◆ YOUR OBJECTIVE: In the listing that follows, find the line with "Ce splendide vase", then copy exactly from it through the line with "Les œuvres de", leaving out every picture.

◆ GIVEN DATA:
--- START ---

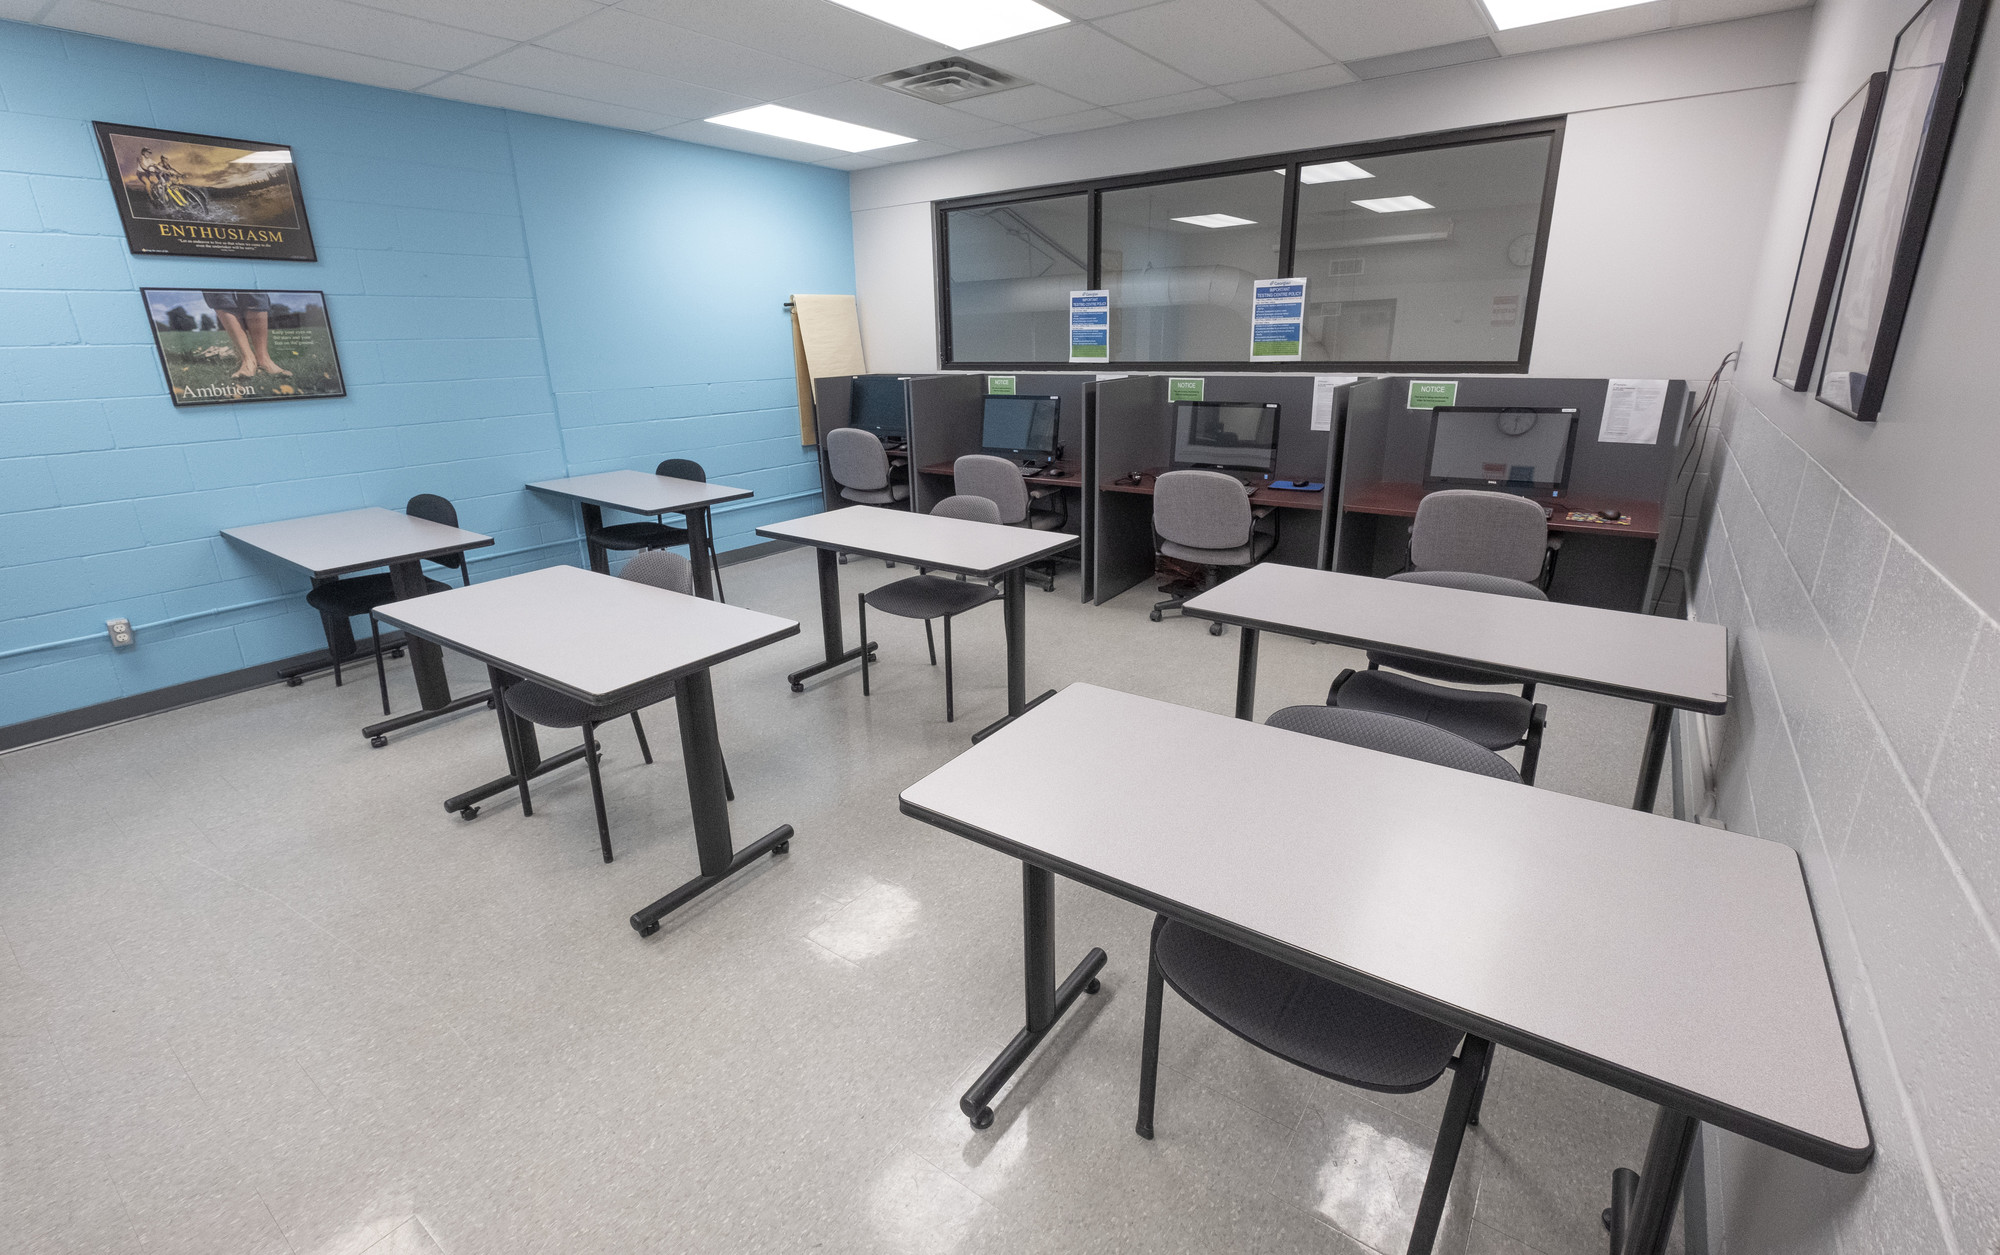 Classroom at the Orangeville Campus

--- END ---
--- START ---

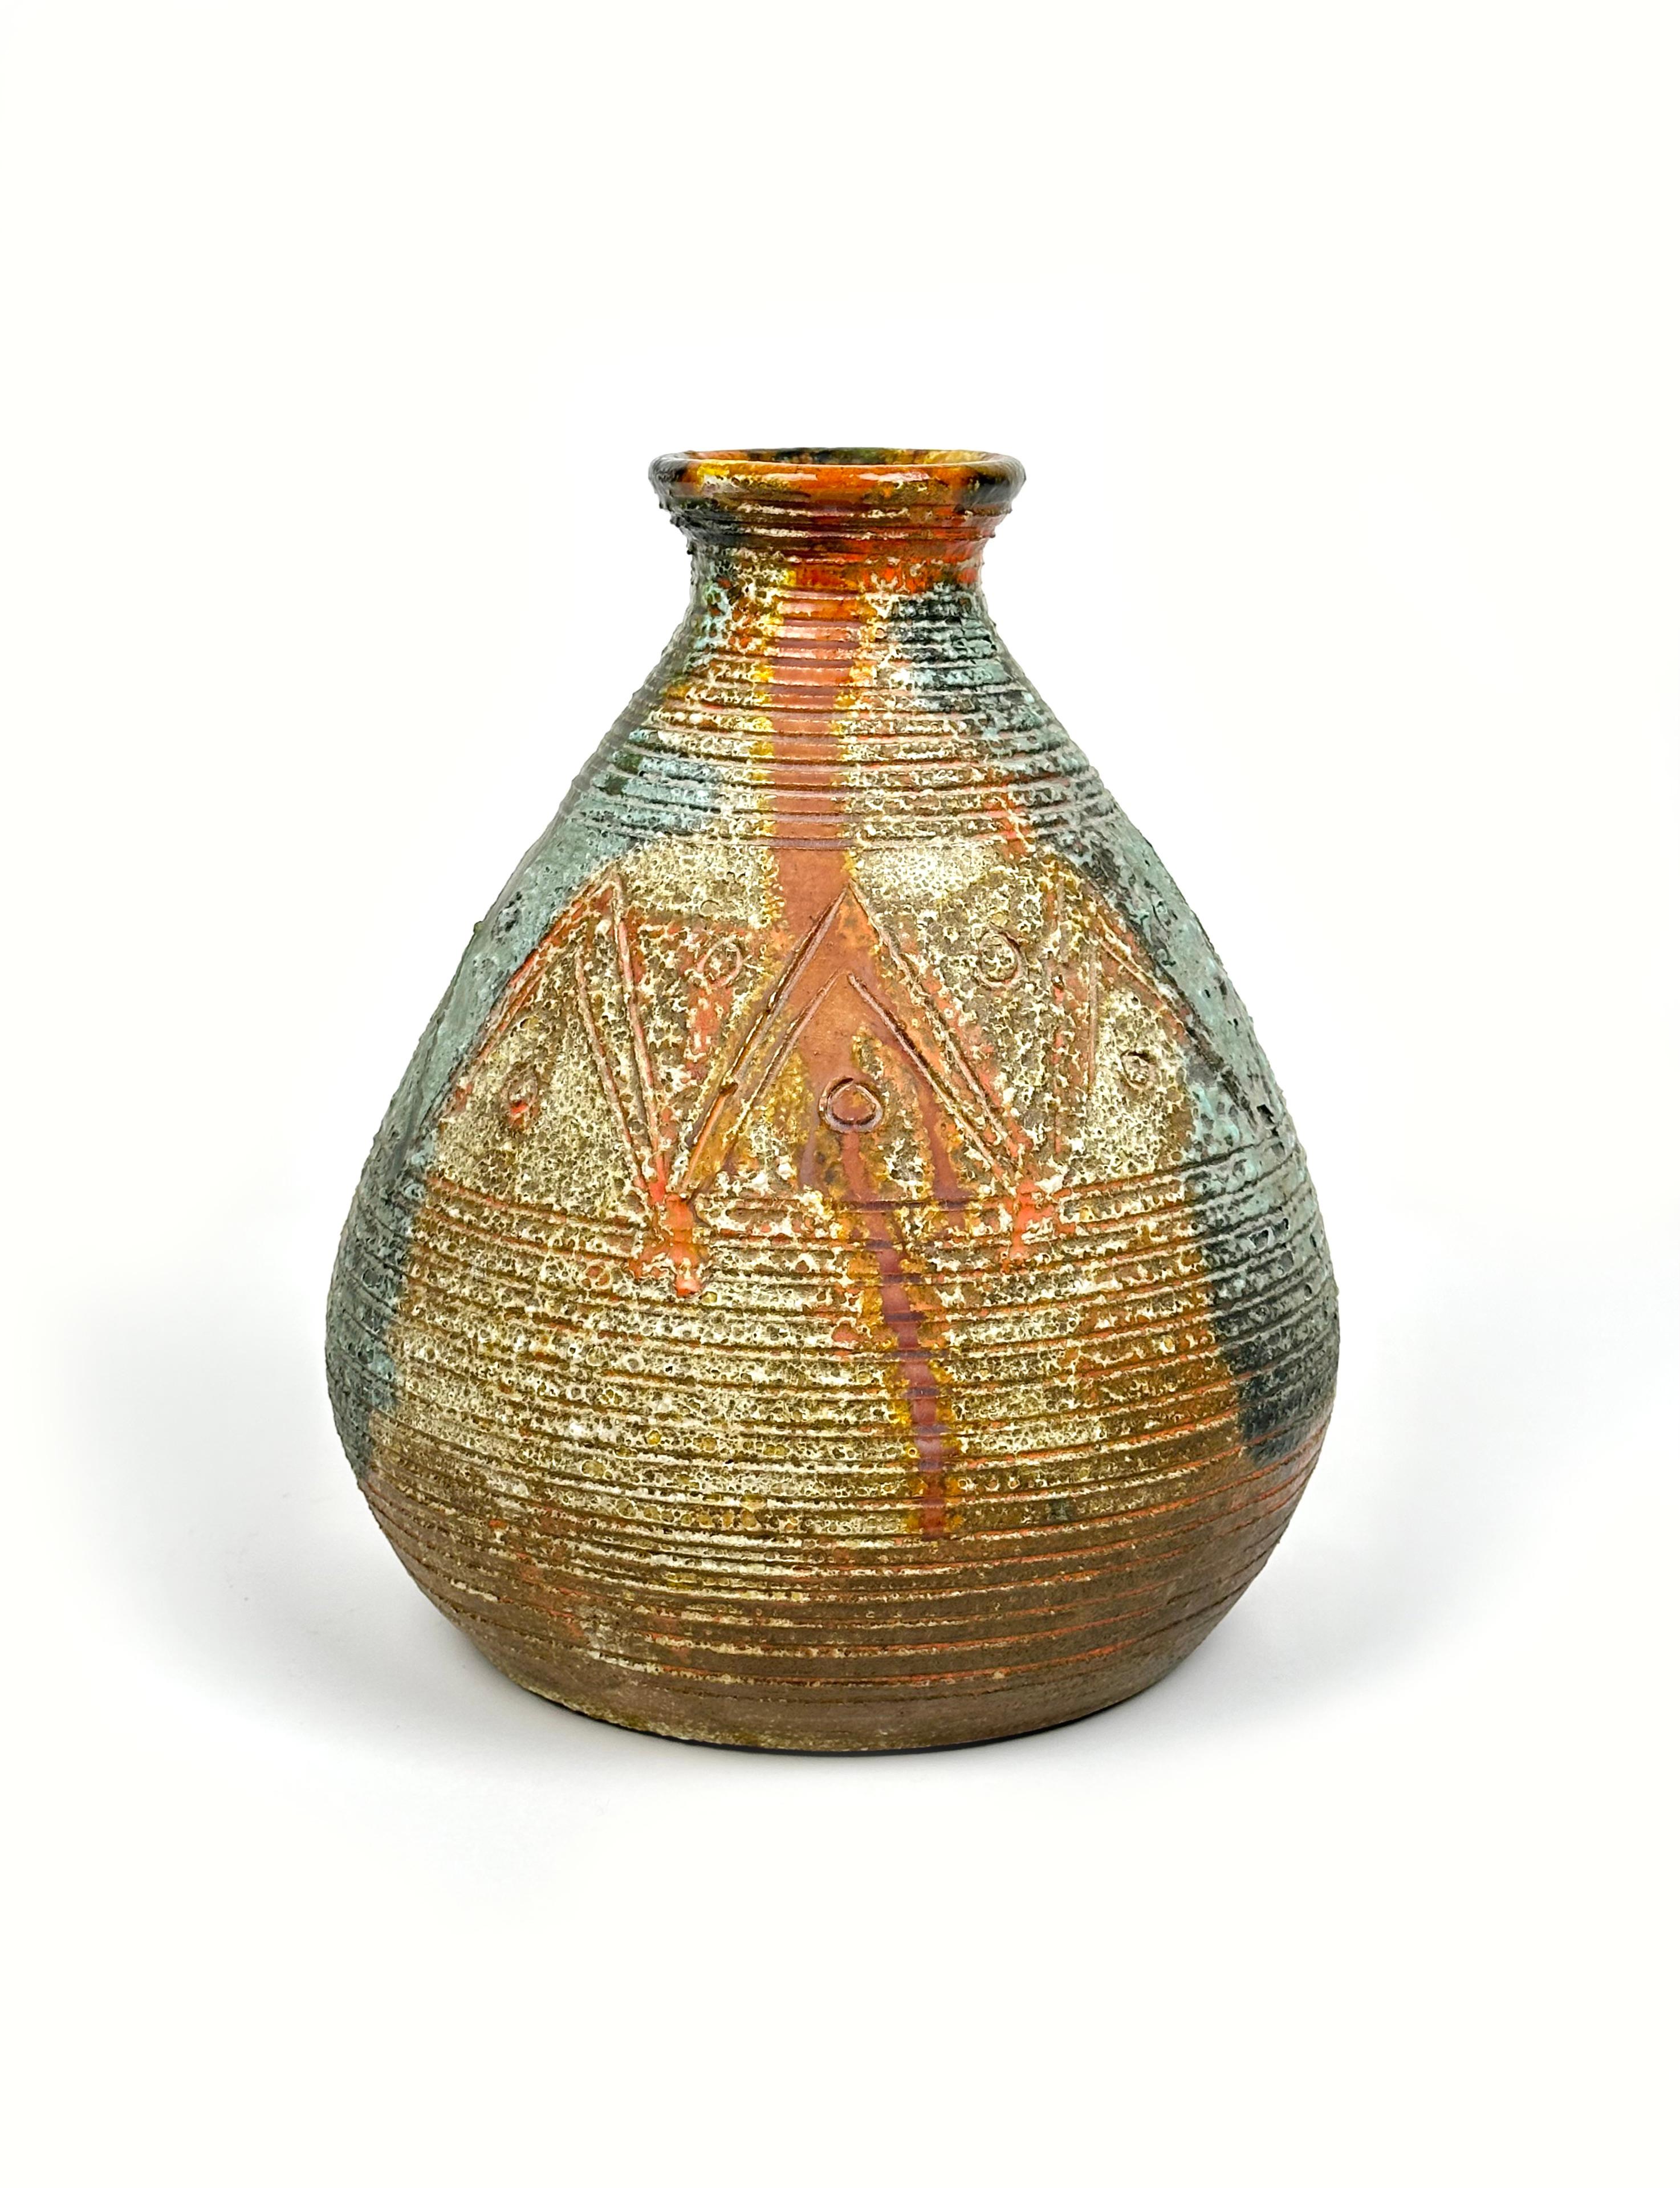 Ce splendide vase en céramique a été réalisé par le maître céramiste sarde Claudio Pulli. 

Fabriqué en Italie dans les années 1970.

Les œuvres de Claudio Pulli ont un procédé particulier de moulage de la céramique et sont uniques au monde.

--- END ---
--- START ---

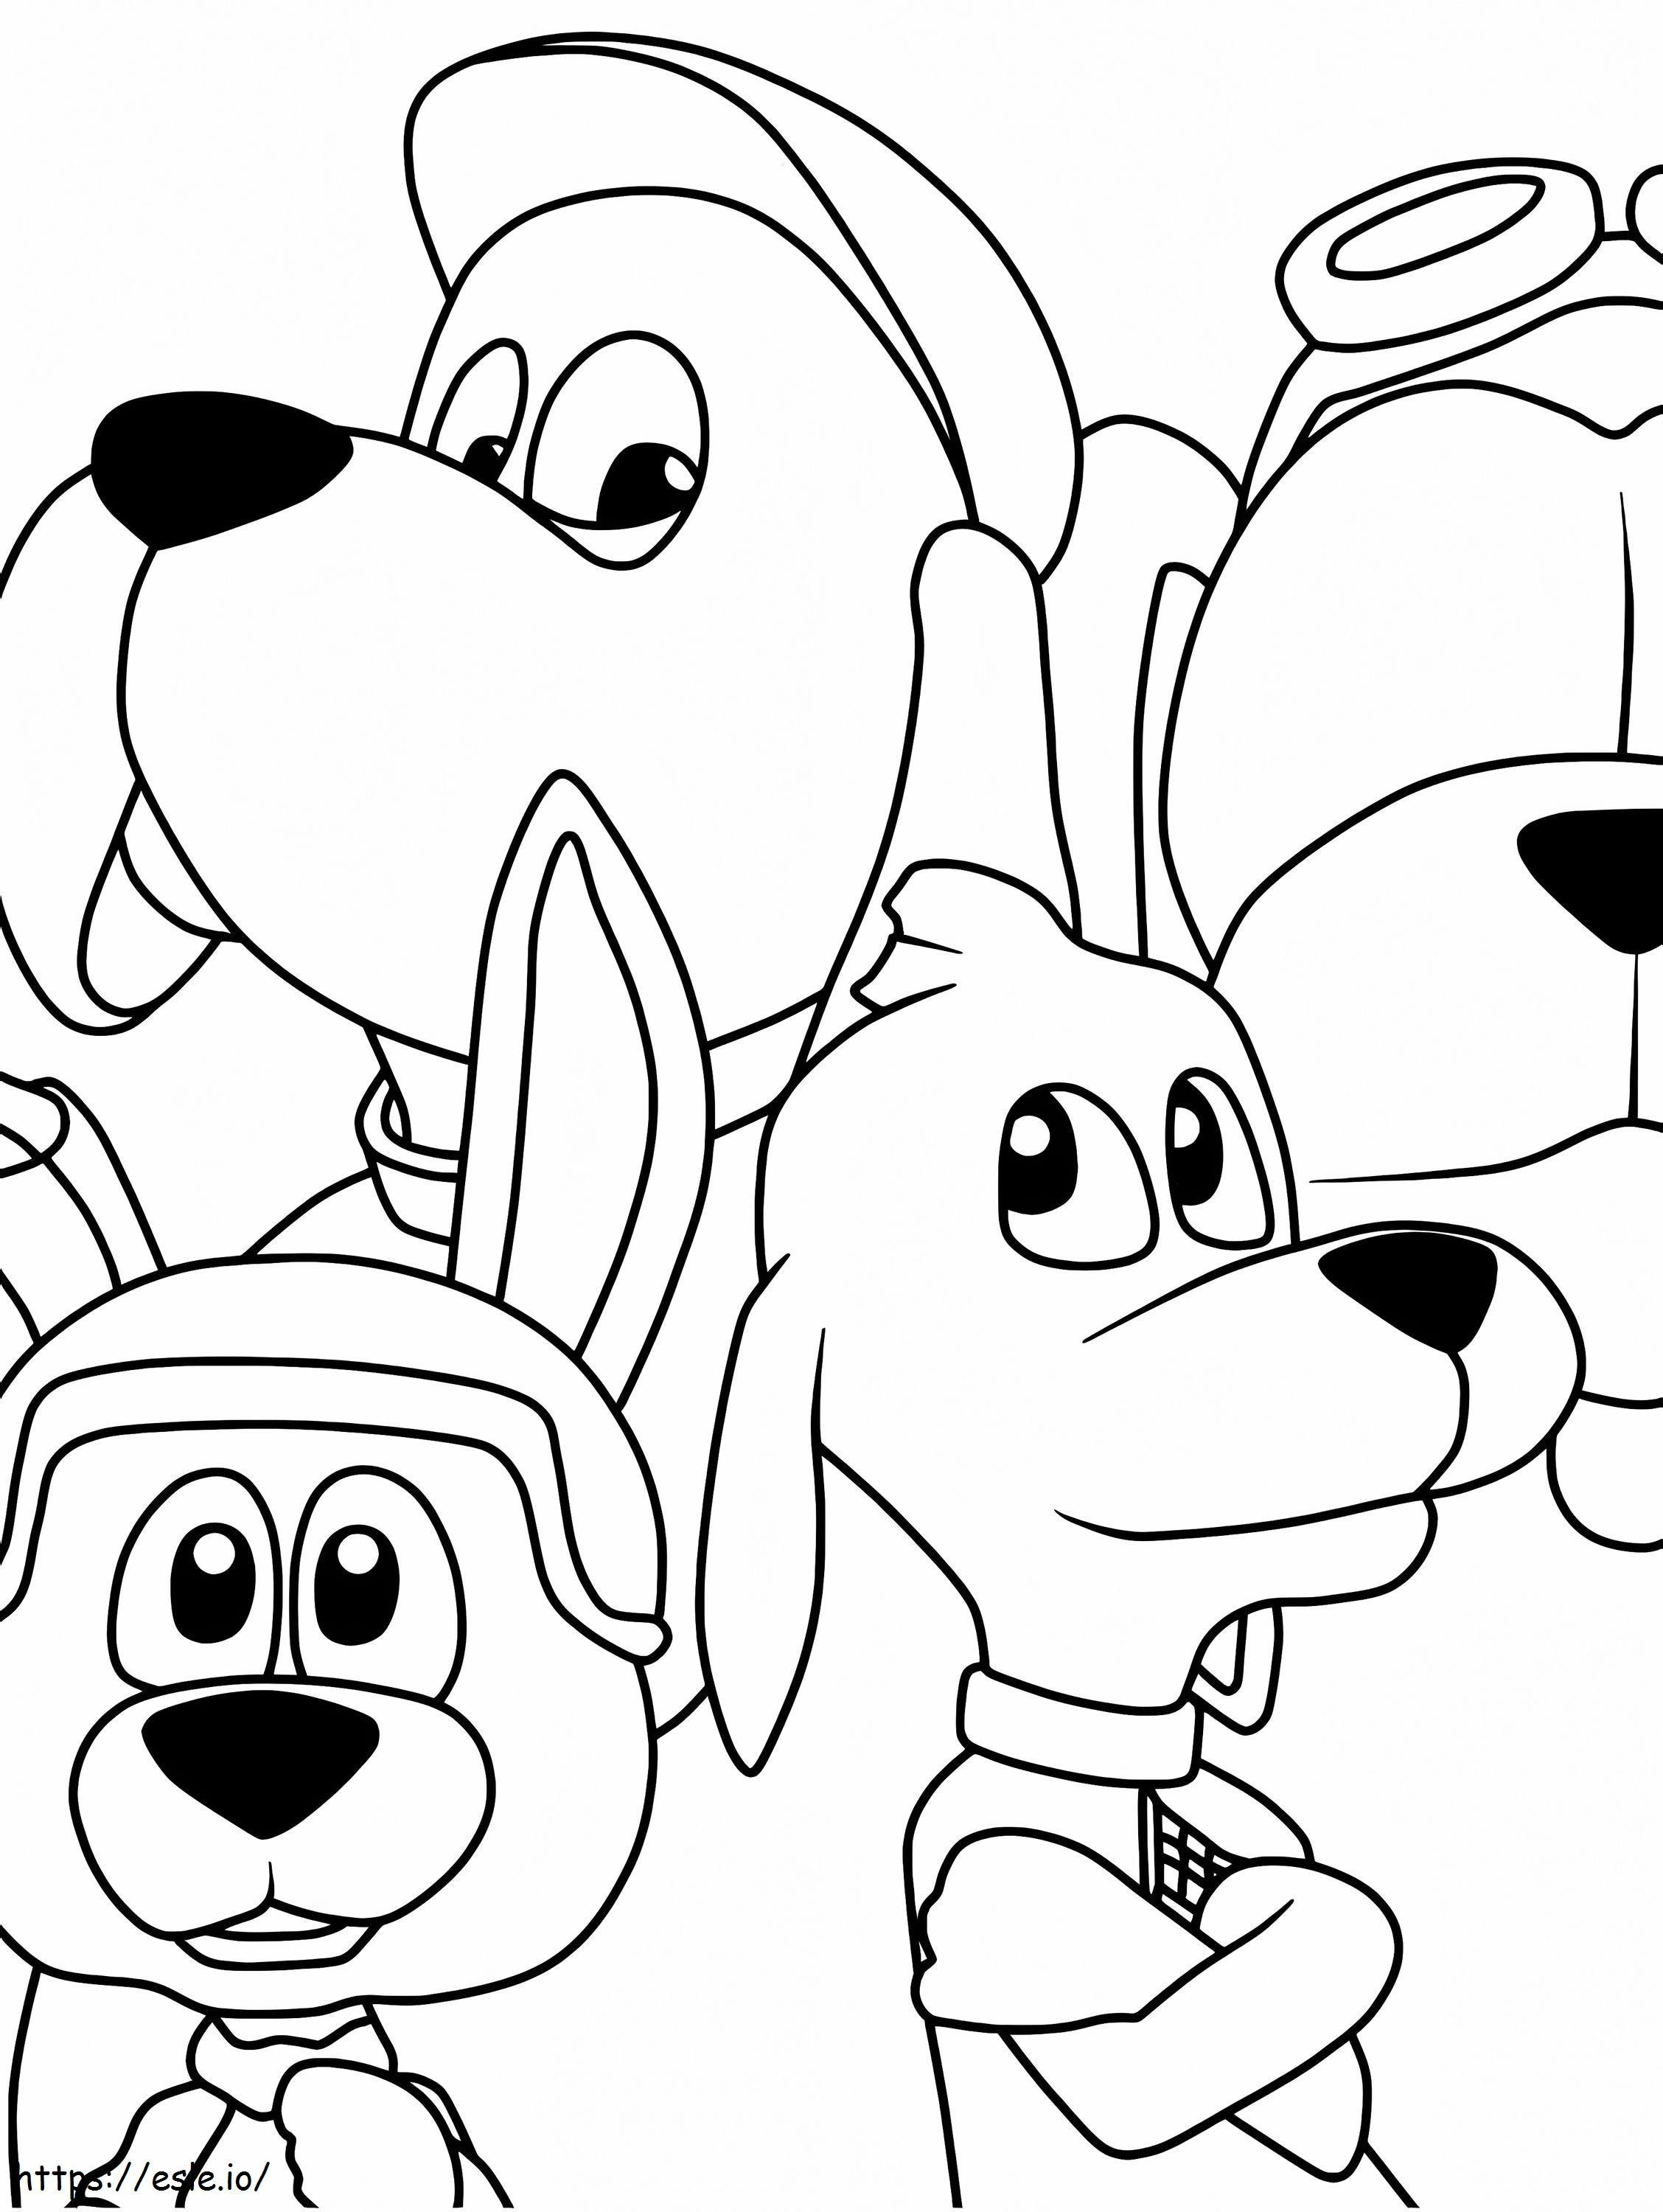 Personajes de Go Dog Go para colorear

--- END ---

◆ RESULT BELOW:
 Ce splendide vase en céramique a été réalisé par le maître céramiste sarde Claudio Pulli. 

Fabriqué en Italie dans les années 1970.

Les œuvres de Claudio Pulli ont un procédé particulier de moulage de la céramique et sont uniques au monde.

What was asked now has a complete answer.